Portable device detects Alzheimer’s and Parkinson’s biomarkers on the spot

Because of the logistics and invasive procedures involved, many people put off getting tested for Alzheimer’s and Parkinson’s diseases. Thanks to a new portable device, however, such testing could soon be performed non-invasively at just about any location.

Ordinarily, testing for neurodegenerative diseases such as Alzheimer’s and Parkinson’s requires patients to travel to a hospital or clinic where they undergo a spinal tap and MRI scan. Needless to say, not many people are enthusiastic about doing so, plus they may lack the physical mobility or means of transportation needed to make the trip.

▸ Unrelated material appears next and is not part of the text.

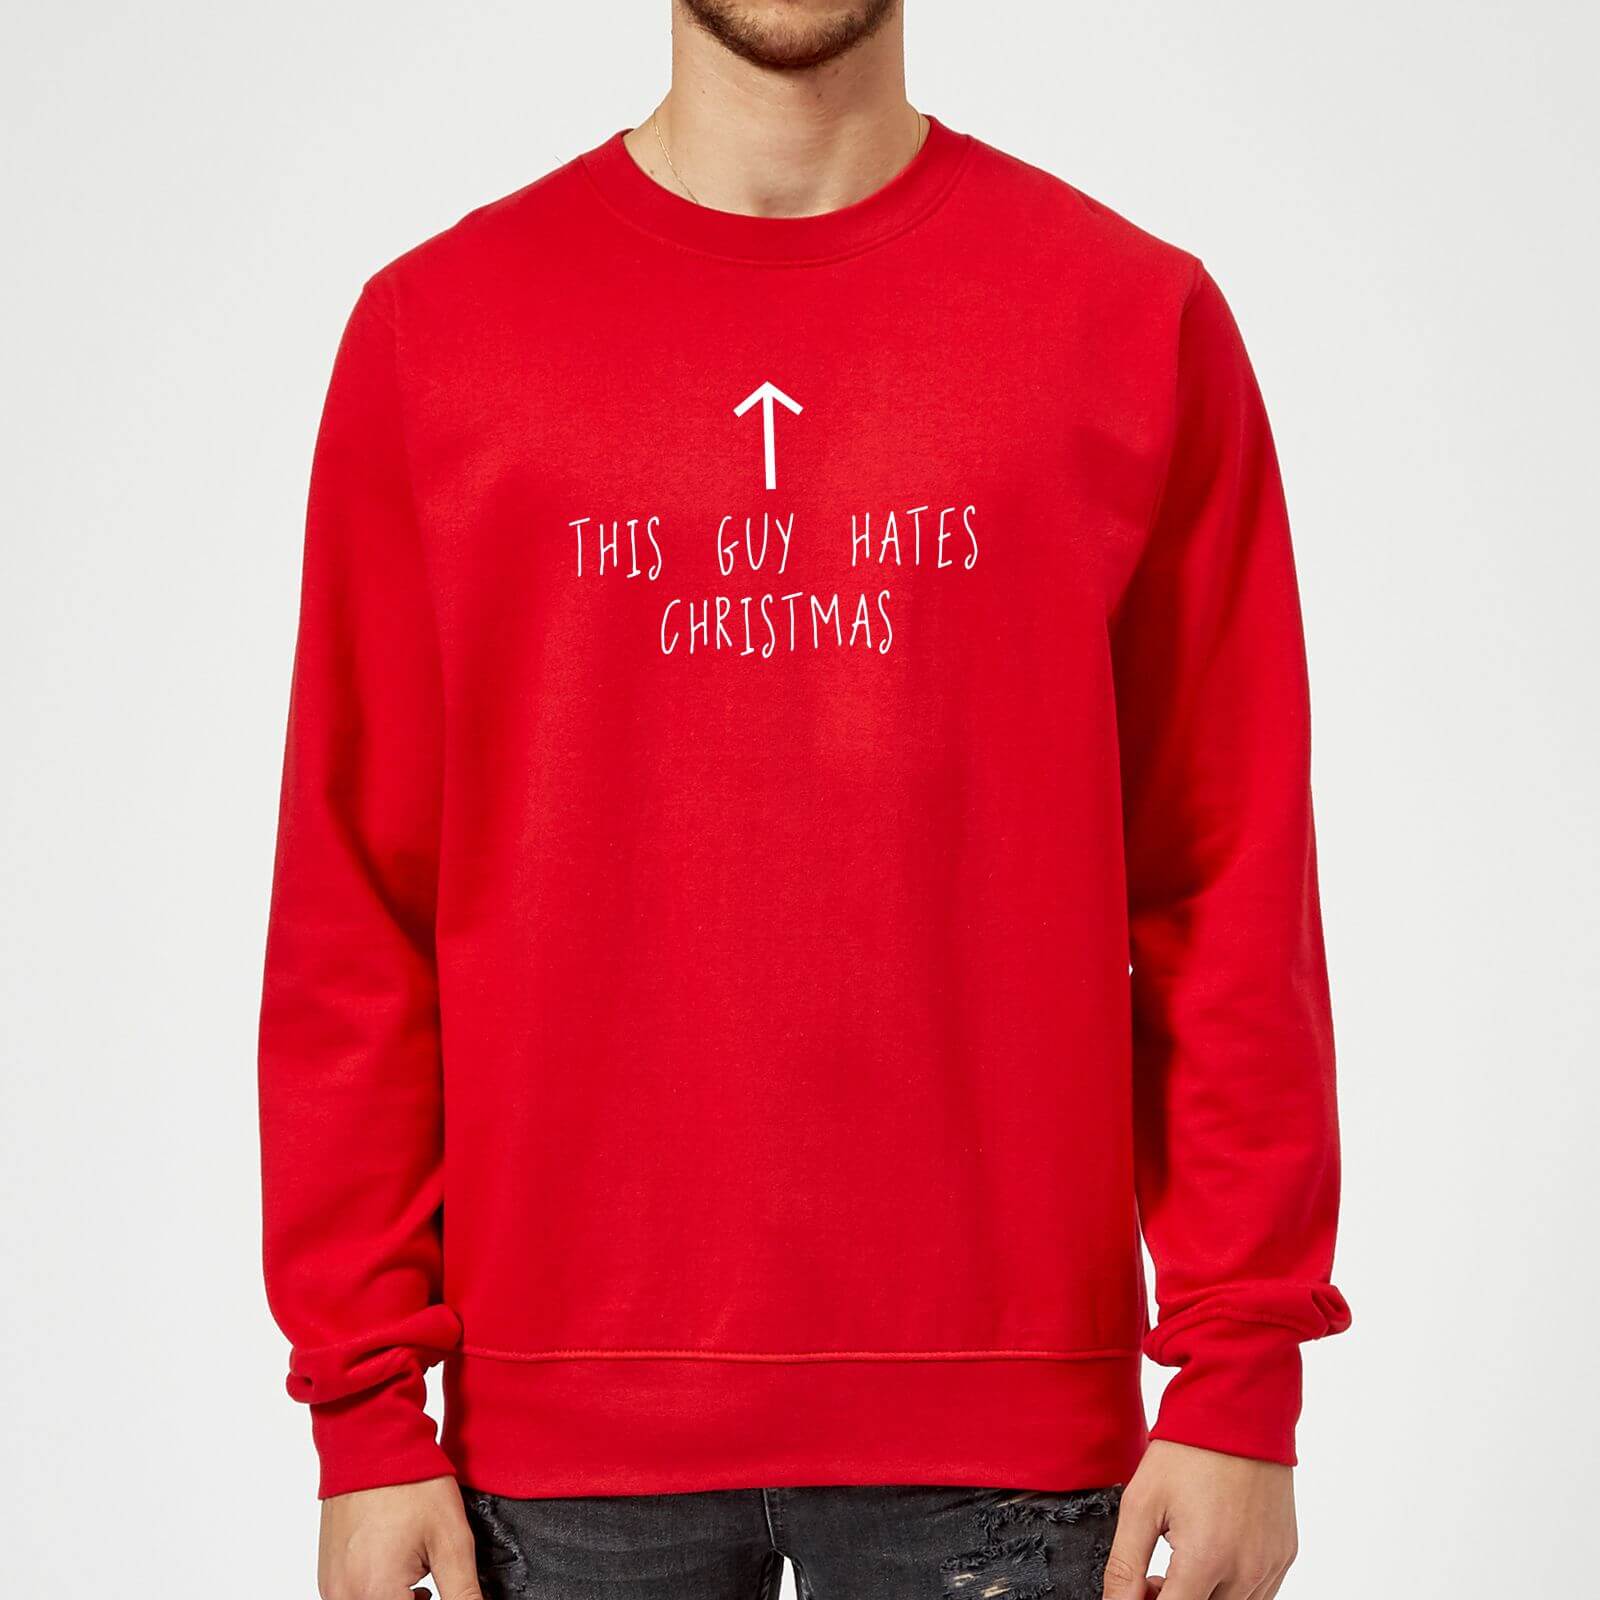 This Guy Hates Christmas Sweatshirt - Red - M - Red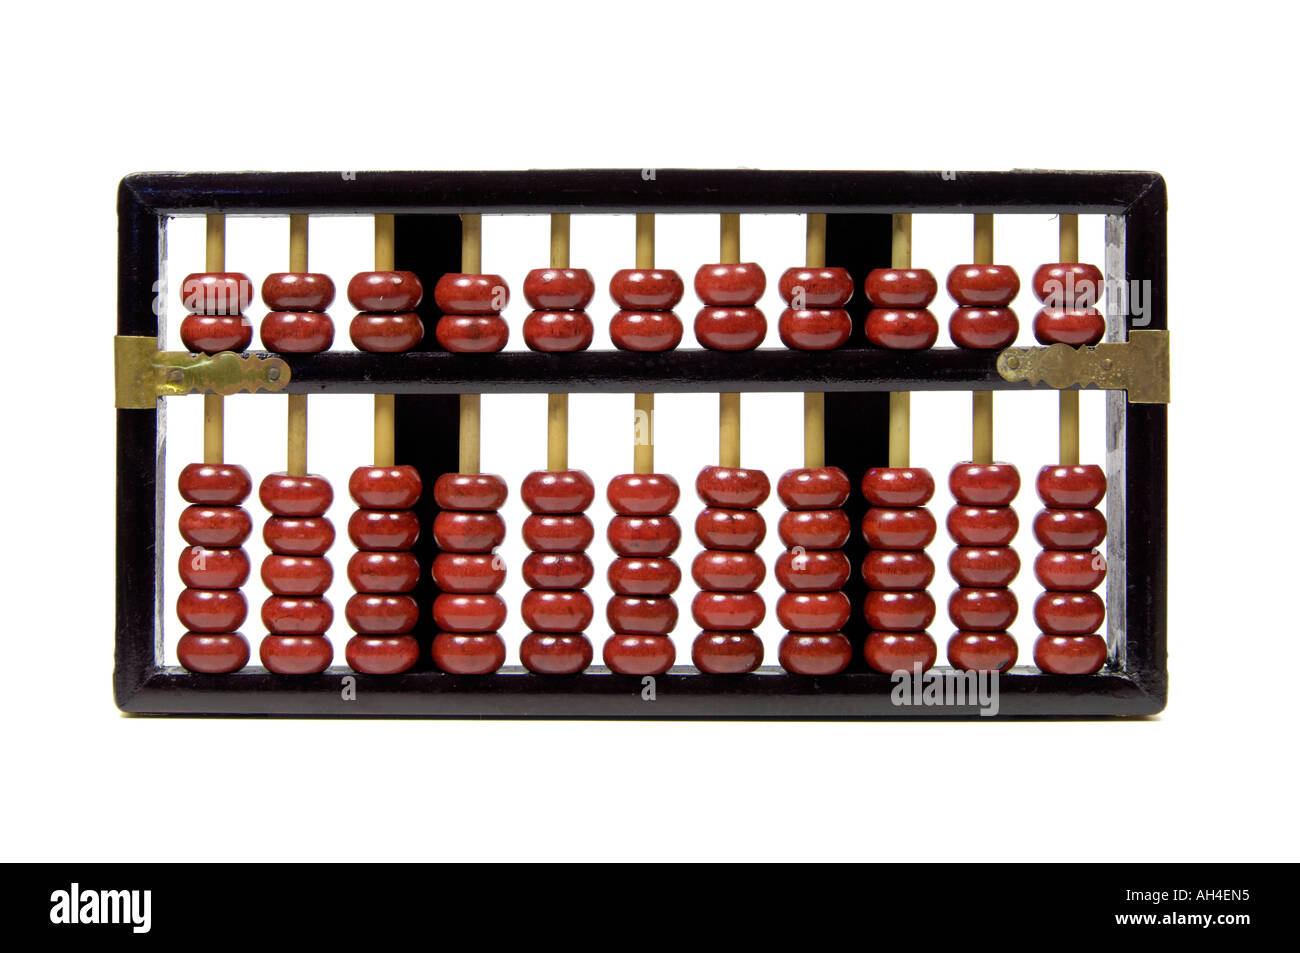 Chinese ancient calculating machine Abacus Stock Photo

Seeking a more appealing alternative, an international team of scientists has adapted an existing portable device – which was designed to detect the COVID-19-causing SARS-CoV-2 virus – so that it can detect biomarker compounds associated with Alzheimer’s and Parkinson’s. More specifically, it detects amyloid beta and tau peptides which have been linked to Alzheimer’s, along with alpha synuclein proteins associated with Parkinson’s disease.

The device has so far been tested on brain tissue samples from deceased Alzheimer’s and Parkinson’s patients, where it proved to be as accurate as state-of-the-art testing techniques. That said, the ultimate goal is for it to detect the biomarkers in live patients’ saliva or urine samples.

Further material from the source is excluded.